- Born: Gilbert Andrew Hugh Gordon 23 July 1951 (age 75) United Kingdom
- Education: Glenalmond College
- Alma mater: Aberystwyth University King's College London
- Occupations: Academic, maritime war historian
- Allegiance: United Kingdom
- Branch: Royal Navy (Reserve)
- Rank: Lieutenant Commander

= Andrew Gordon (naval historian) =

British academic maritime war historian

Gilbert Andrew Hugh Gordon (born 23 July 1951) is a British academic maritime war historian, who wrote the First World War history The Rules of the Game (Jutland & the British Naval Command) (1996).

==Early life==
Gordon received his early formal education at Glenalmond College, in Perthshire, Scotland. He received a BSc in Economics from the University of Wales, Aberystwyth, and a PhD (1987) in War Studies from King's College London, University of London.

He formerly held the rank of Lieutenant Commander at , the London base of the British Royal Naval Reserve.

==Career==
Gordon is a Fellow of the Royal Historical Society and assisted with the drafting of British Maritime Doctrine (BR 1806), and Fighting Instructions.

He first publication was his doctoral thesis, entitled 'British Sea Power and Procurement between the Wars' (1988).

In 1996 he published a study of the British Grand Fleet's leadership in action against the Imperial German Navy at the Battle of Jutland in 1916, entitled The Rules of the Game (1996).

He appeared as a filmed interview contributor in the television documentary Jutland: Clash of the Dreadnoughts (2004).

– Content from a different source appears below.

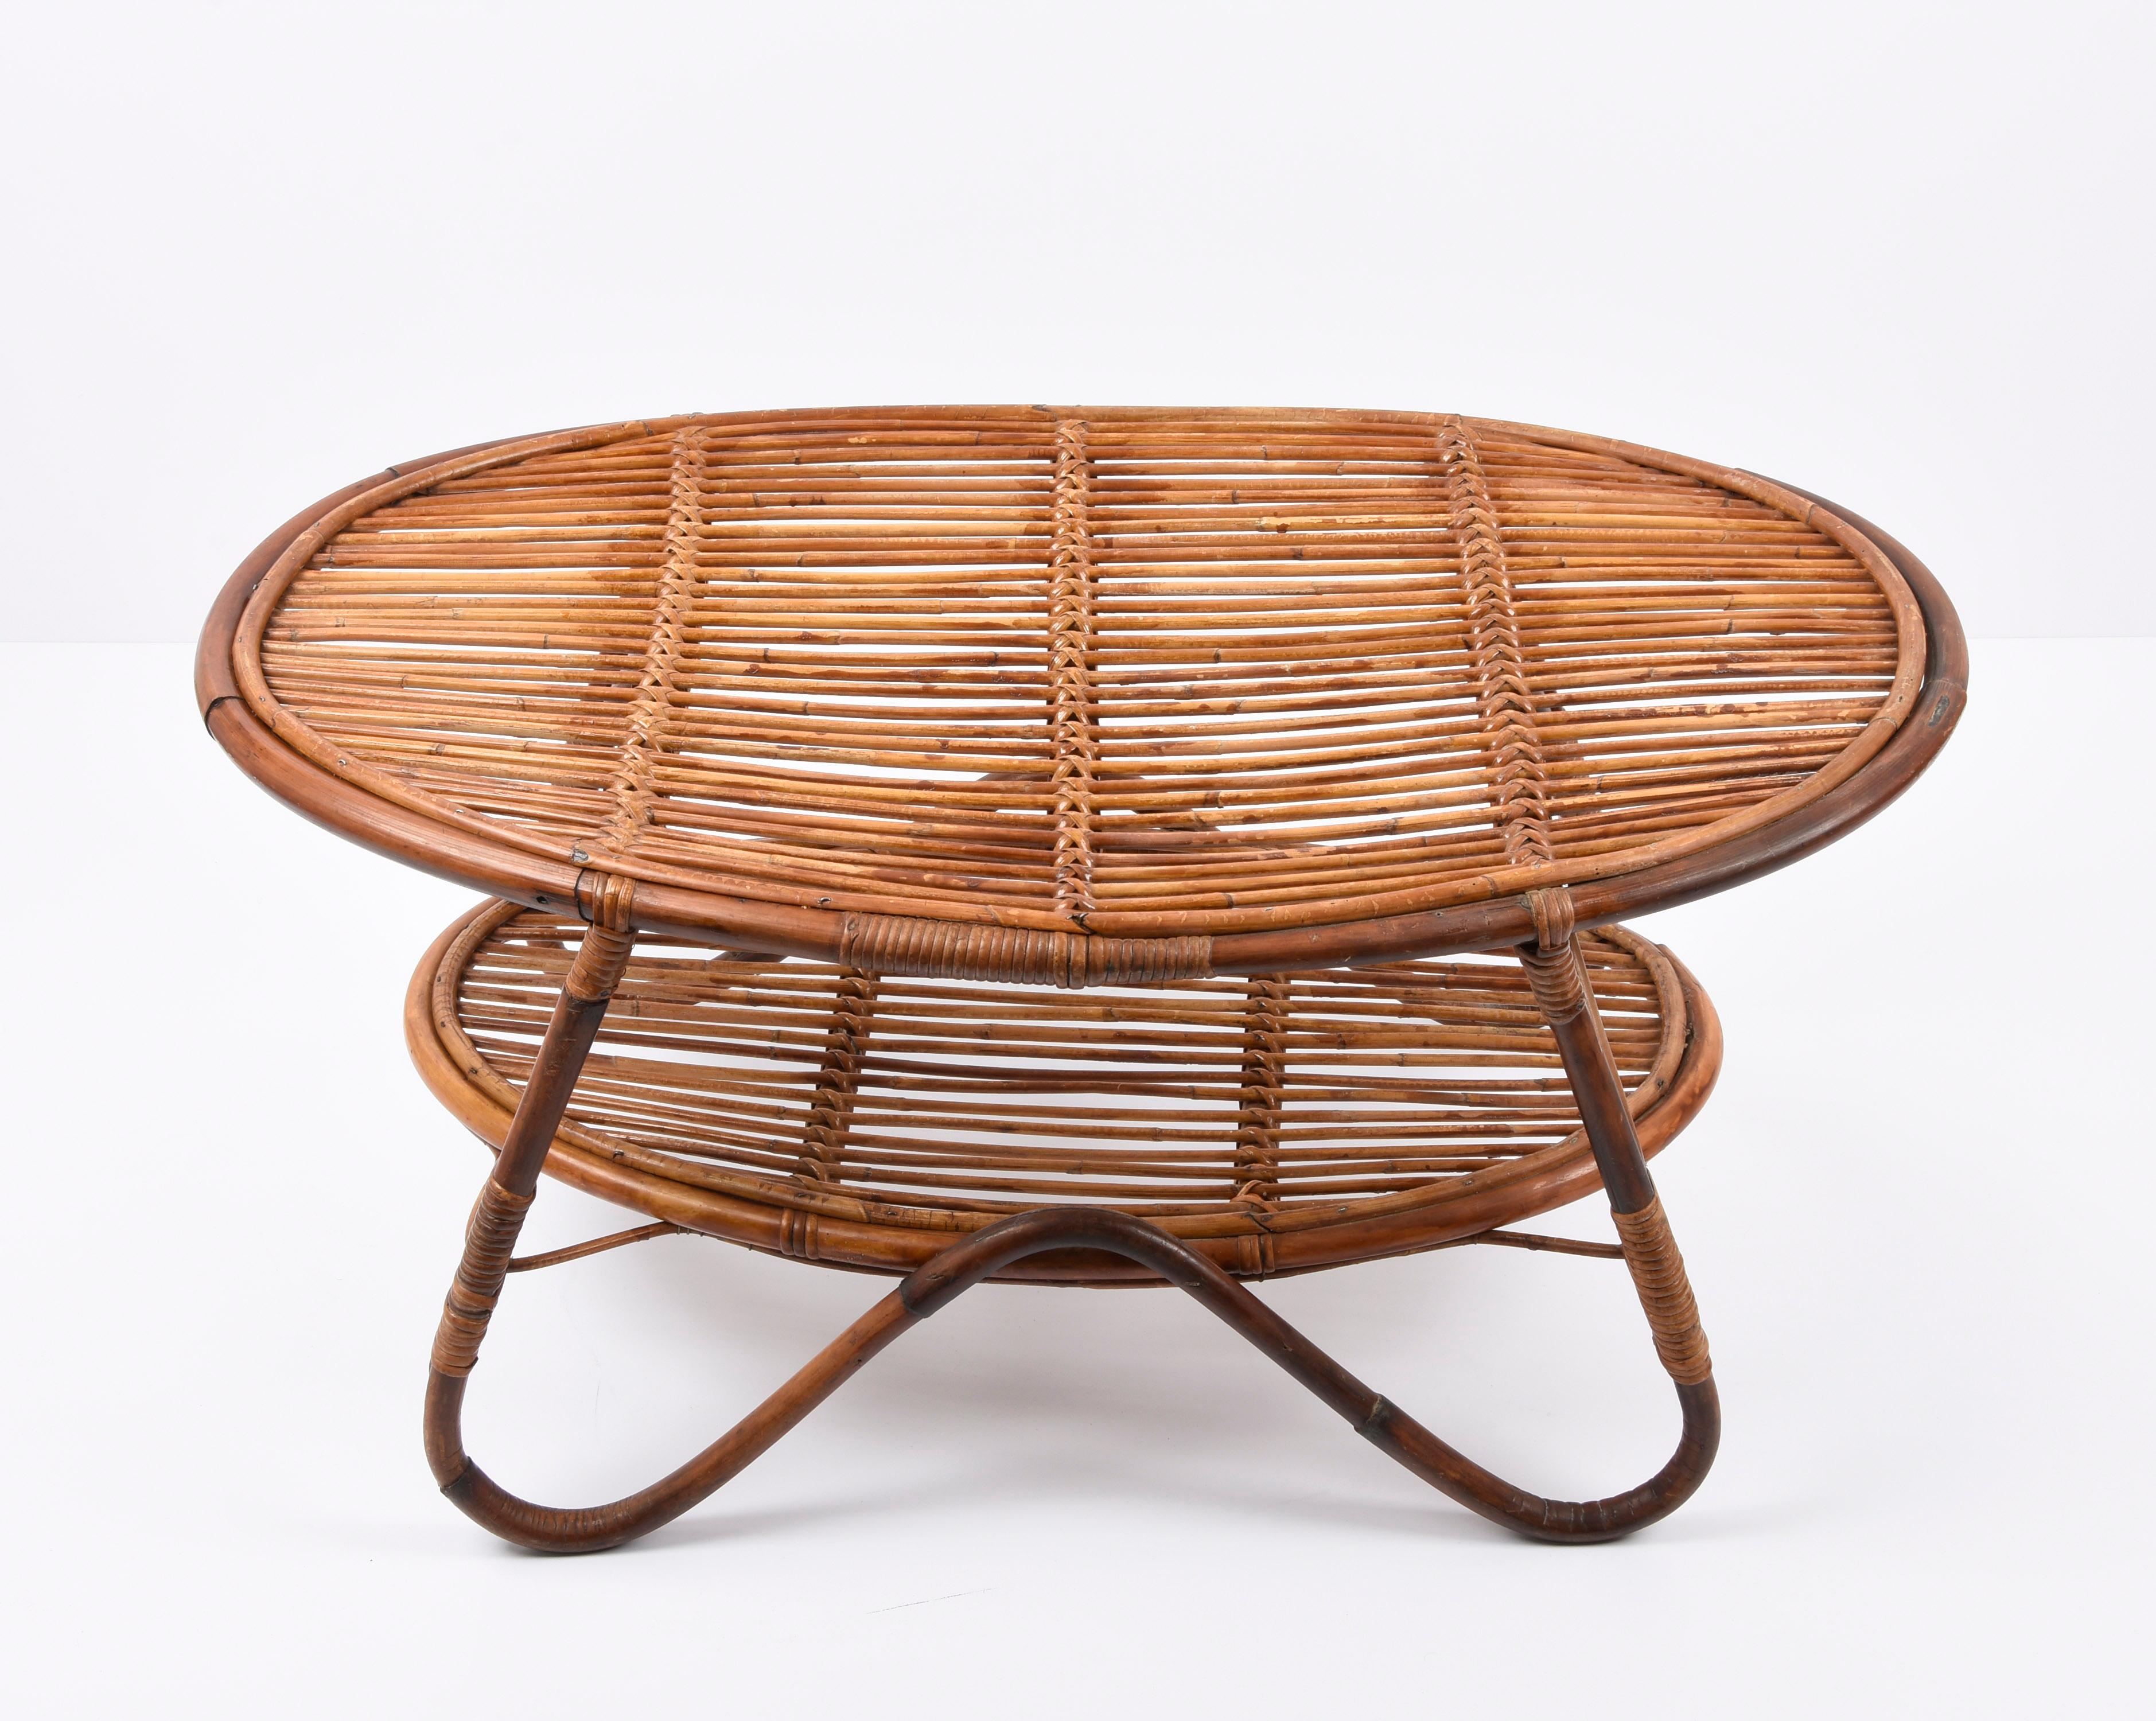 Midcentury Italian Oval Rattan and Bamboo Two Levels Coffee Table, 1950s For Sale 6

In its Summer 2006 edition, History Today published an article by Brian James, describing how three military historians, Christina Goulter and Gary Sheffield as well as Gordon, who teach on the higher command and staff course at Shrivenham, had reached the conclusion that it was the Royal Navy and not the Royal Air Force that prevented a German invasion of the British Isles in 1940 during the Second World War. The article quotes Andrew Gordon stating "It really is time to put away this enduring myth. To claim that Germany failed to invade in 1940 because of what was done by phenomenally brave and skilled young men of Fighter Command is hogwash. The Germans stayed away because while the Royal Navy existed they had not a hope in hell of capturing these islands. The Navy had ships in sufficient numbers to have overwhelmed any invasion fleet." On publication the article drew some attention, despite it not being a wholly original new thesis, having been first posited by Duncan Grinnell-Milne in his book Silent Victory (1940).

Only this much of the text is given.